How to digest a carbonate
Carbonates as an archive
We use carbonate rocks, either from outcrops or core samples, as an archive for ancient ocean chemistry. The carbonate precipitates from seawater and can incorporate metals directly into the crystal lattice. If we can isolate the carbonate, we can reconstruct trends in seawater isotopic compositions.
Unfortunately carbonate rocks also contain some silicate minerals and Mn-oxide coatings, which also contain metals. This makes it very difficult to isolate the pure carbonate phase and can bias or overwhelm the carbonate signatures.
Leaching experiments
Researchers typically used dilute acids to try and isolate the pure carbonate component from a bulk sample. Whilst these often largely avoid breaking down detrital components themselves, trace metals can still be released because they are more mobile.

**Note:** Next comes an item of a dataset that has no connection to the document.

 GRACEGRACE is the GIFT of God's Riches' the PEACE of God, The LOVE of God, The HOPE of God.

In this work we undertook leaching experiments with a range of acid dilutions and acid types, with and without pre-cleaning treatments. The cleaning was designed to remove Mn-oxides from the samples. This helps us to chemically characterise the different components of a sample, and identify the best way to treat the sample.

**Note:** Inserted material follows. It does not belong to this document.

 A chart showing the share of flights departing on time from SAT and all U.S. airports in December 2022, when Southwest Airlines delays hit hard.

In the end the carbonate fraction is only a very small phase for metal isotopes, and care must be taken to avoid any contributions from other phases. This is shown in the right hand figure where the blue fractions represent carbonate. Depending on the isotopic composition of each component, and the relative concentrations, the assumed carbonate isotopic signature can be easily contaminated.
Recommendations
We now use a dilute, pH buffered, weak acid (1M Ammonium Acetate) which does the best job at avoiding detrital phases such as silicates and clays. In addition, for metals like Mo, we need to use a reductive cleaning pre-treatment in order to remove Mn-oxides. This step is not always needed because some metals (e.g. U) are not concentrated in the Mn-oxide phases.